### The data
- Opening Delimiter -
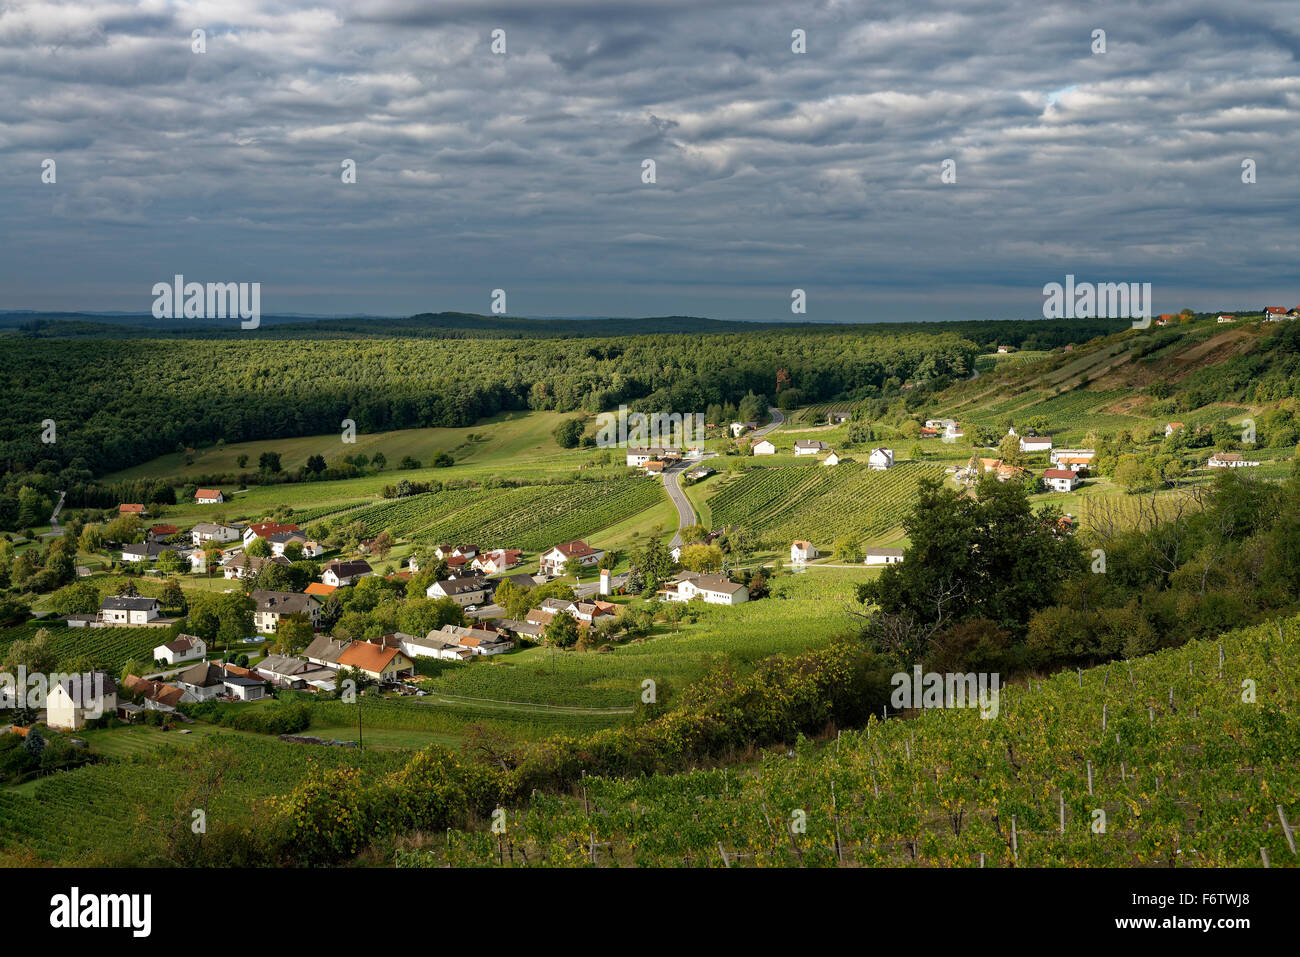 Austria, Burgenland, Eisenberg an der Pinka, view of the village with vineyards Stock Photo
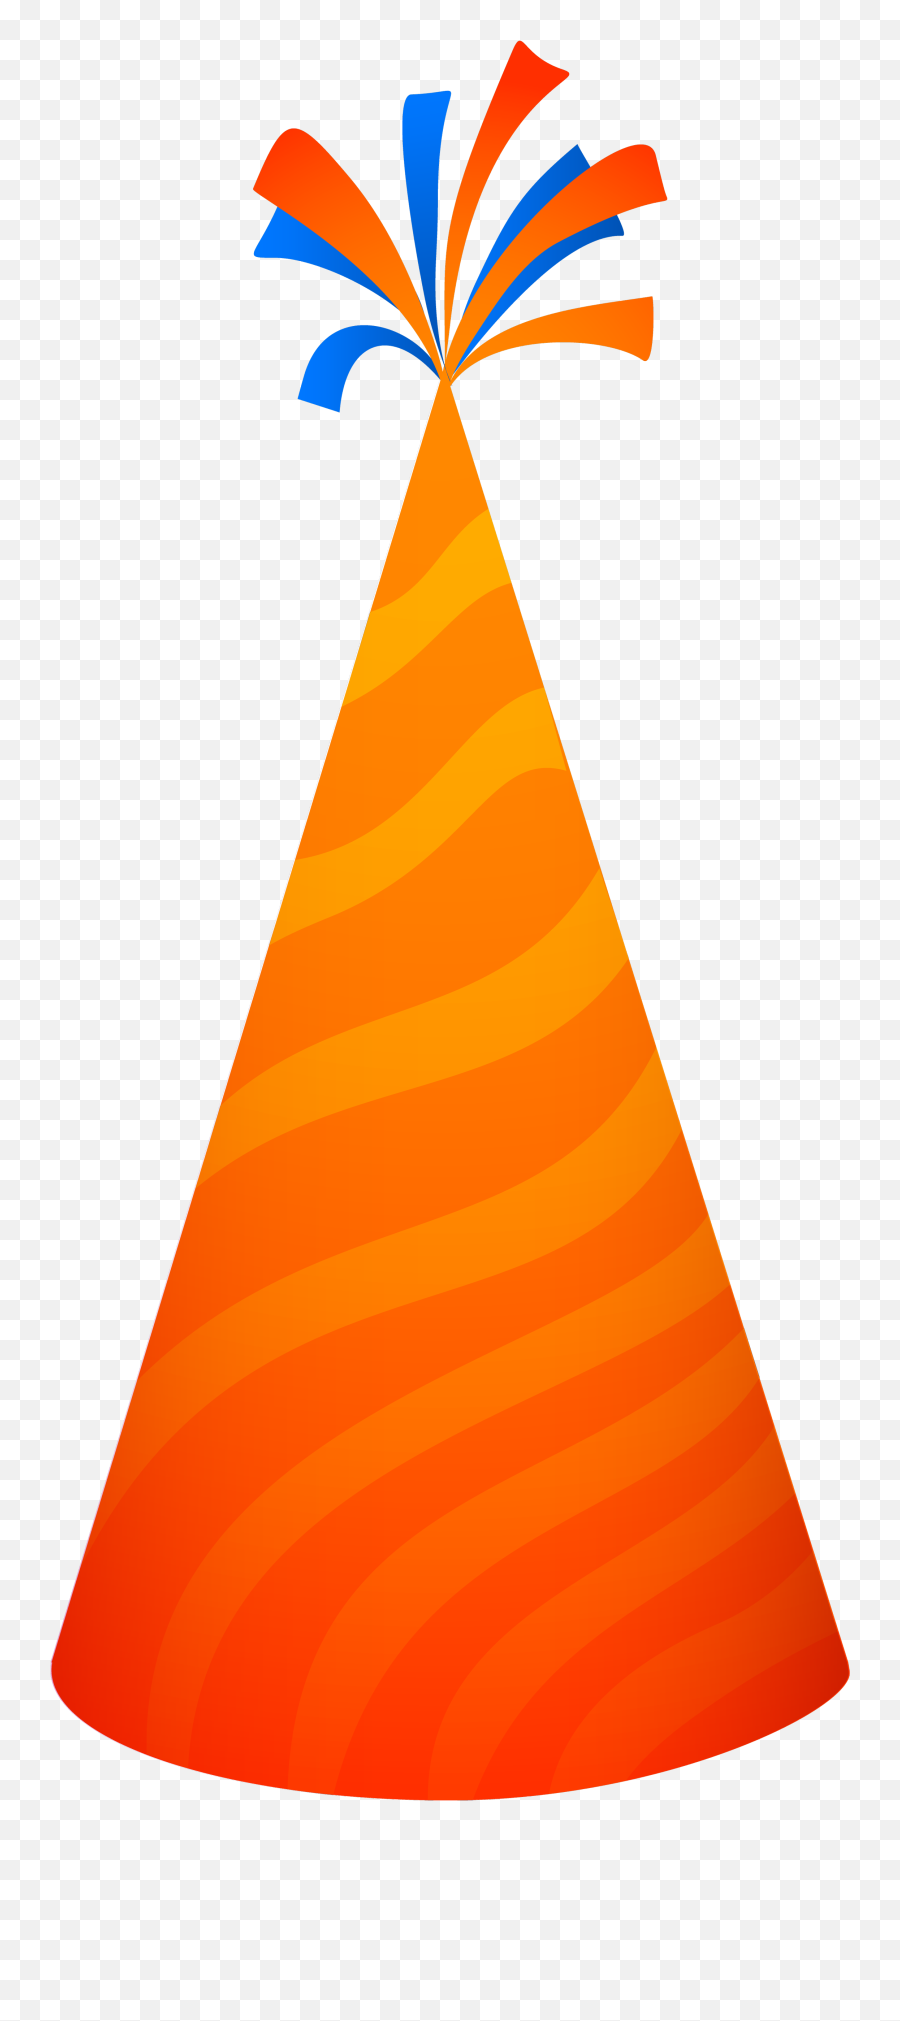 Party Hat Png Image - Pngpix Party Hat Orange,Cartoon Hat Png
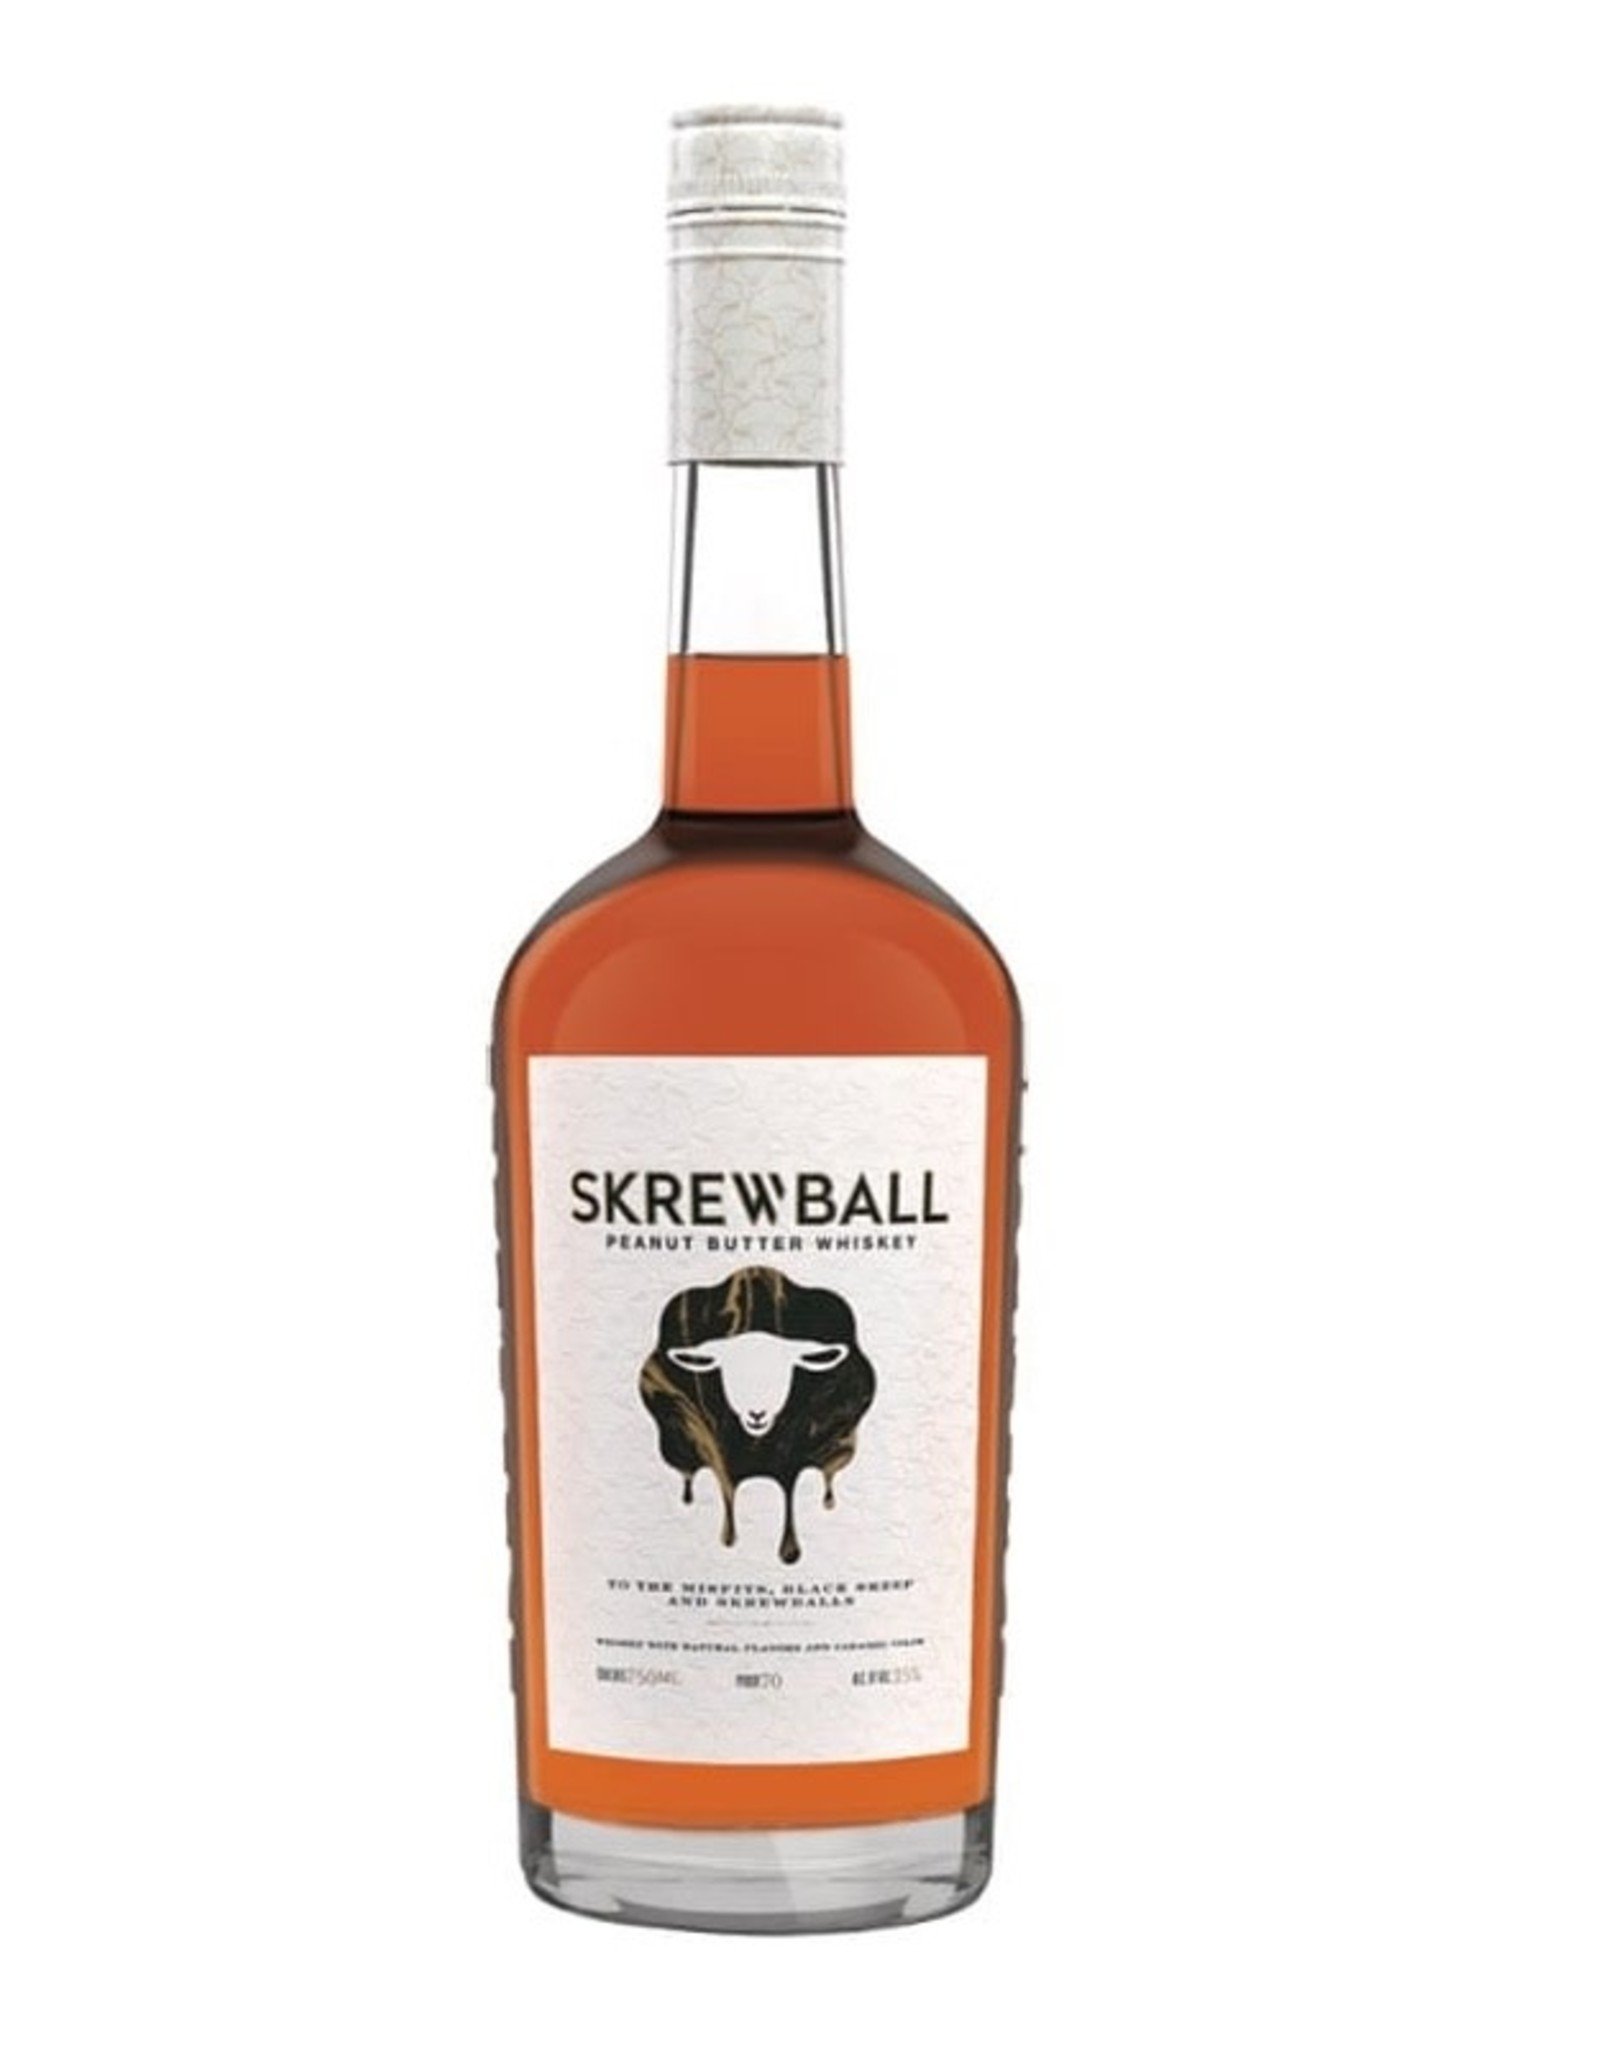 Skrewball SKREWBALL - PEANUT BUTTER - WHISKEY - 70 PR - 375 ML
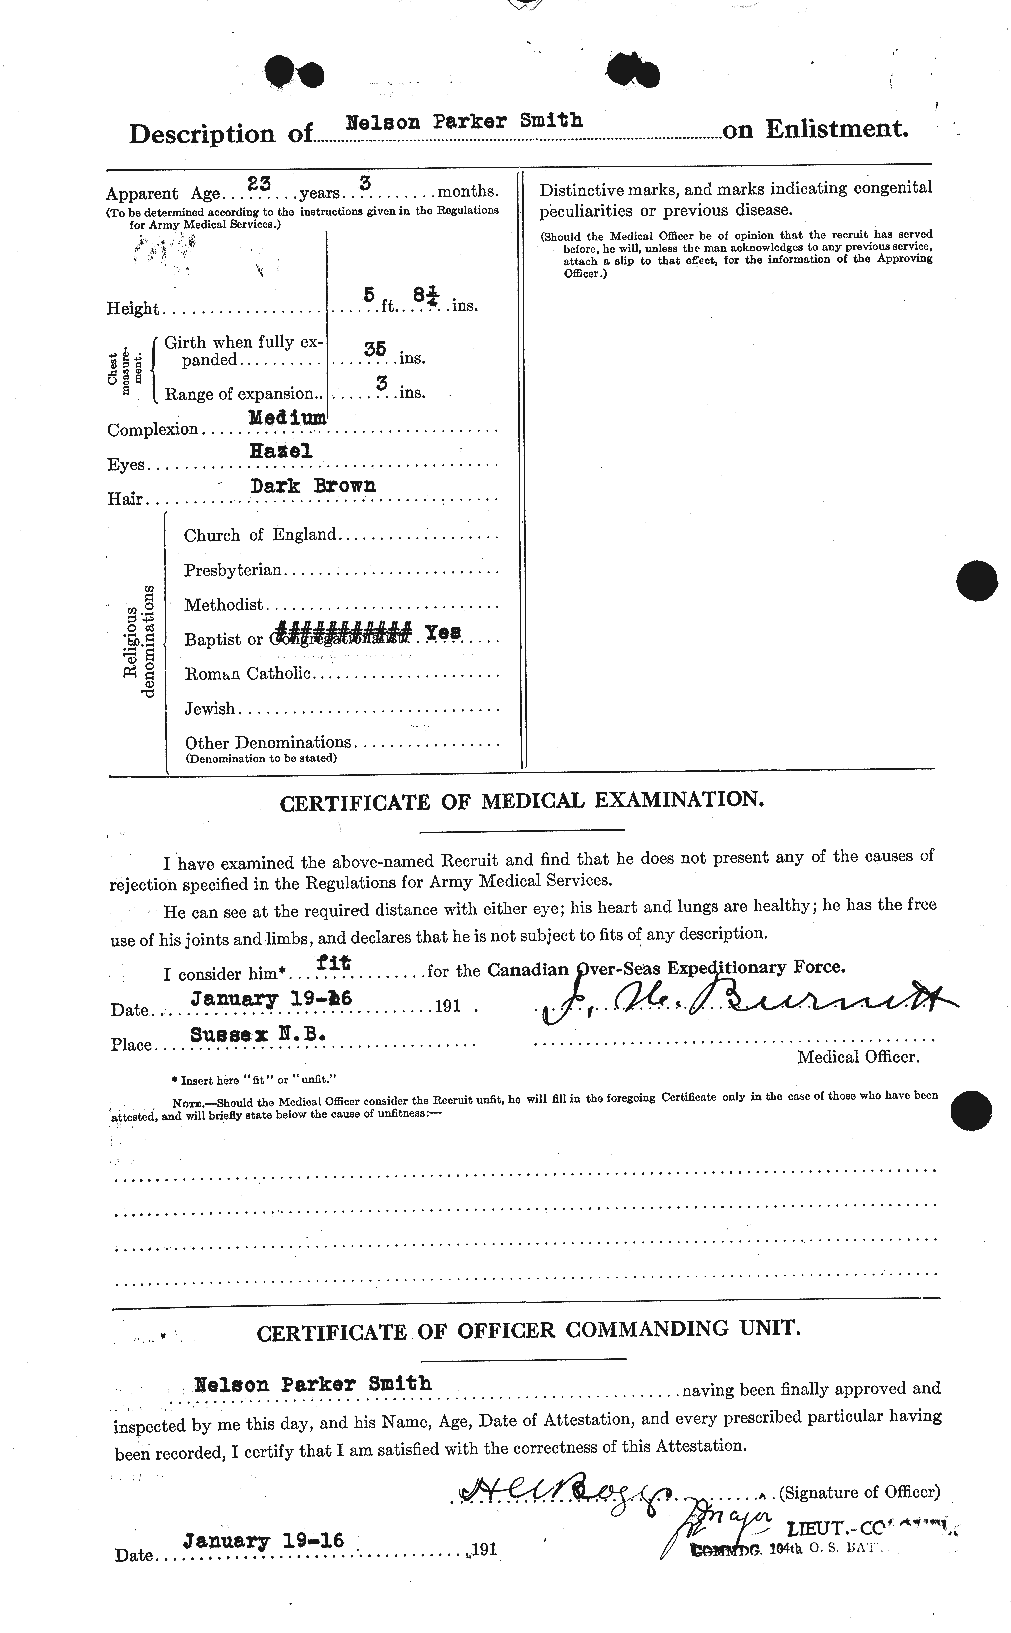 Dossiers du Personnel de la Première Guerre mondiale - CEC 104168b
- Closing Delimiter -
### Work instructions
Give back the material word for word, without images.

### Exercise solution
 Austria, Burgenland, Eisenberg an der Pinka, view of the village with vineyards Stock Photo
 Party Hat Png Image - Pngpix Party Hat Orange,Cartoon Hat Png
 Skrewball SKREWBALL - PEANUT BUTTER - WHISKEY - 70 PR - 375 ML
 Dossiers du Personnel de la Première Guerre mondiale - CEC 104168b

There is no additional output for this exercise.